While Travis County remains relatively sheltered from the tumultuous energy sector, reports predict that local small businesses will suffer acutely. “The business community is expecting there are going to be repercussions six months down the road,” said Ramirez, who explained that “expectations form a lot of what the economy does.”

To assist businesses impacted by the economic downturn, the county’s Economic Development Department is working on a recovery response program to support small businesses and fill in financial gaps.

The department is beginning by creating a public-facing dashboard that identifies federal and local aid programs that are available. Once the list is compiled, the county will present it in a cohesive library and provide assistance to businesses in identifying eligibility and guidance in the application process. The county will use the records in the dashboard to determine if there are areas where small businesses are not covered and work to craft new programs to fill those gaps.

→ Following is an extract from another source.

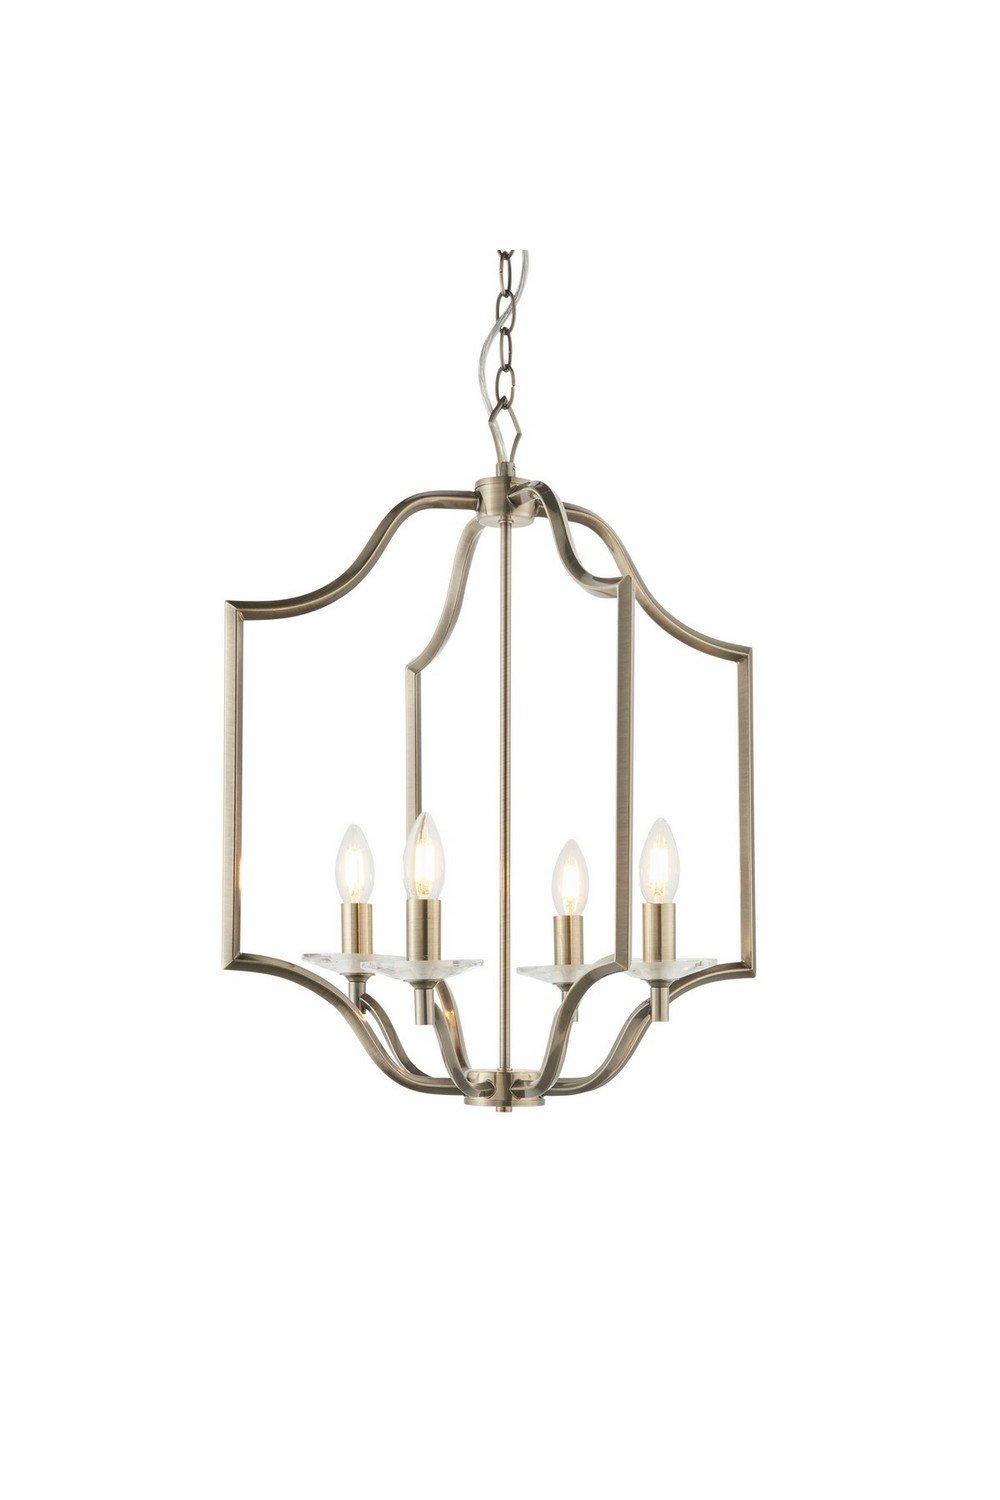 Lainey 4 Light Ceiling Pendant Antique Brass Plate & Clear Crystal Glass E14

Ramirez said the goal of these efforts is to provide liquidity for these local businesses.

County commissioners voted unanimously to further bolster support for future funding initiatives by directing staff to pursue a small business loan program under Chapter 381, the county’s economic incentive program. Additionally, the court voted unanimously to send a letter requesting federal funding under the federal CARES Act. No specific amount was specified.

At the vote, Commissioner Margaret Gómez was off the dais and Commissioner Gerald Daugherty was absent.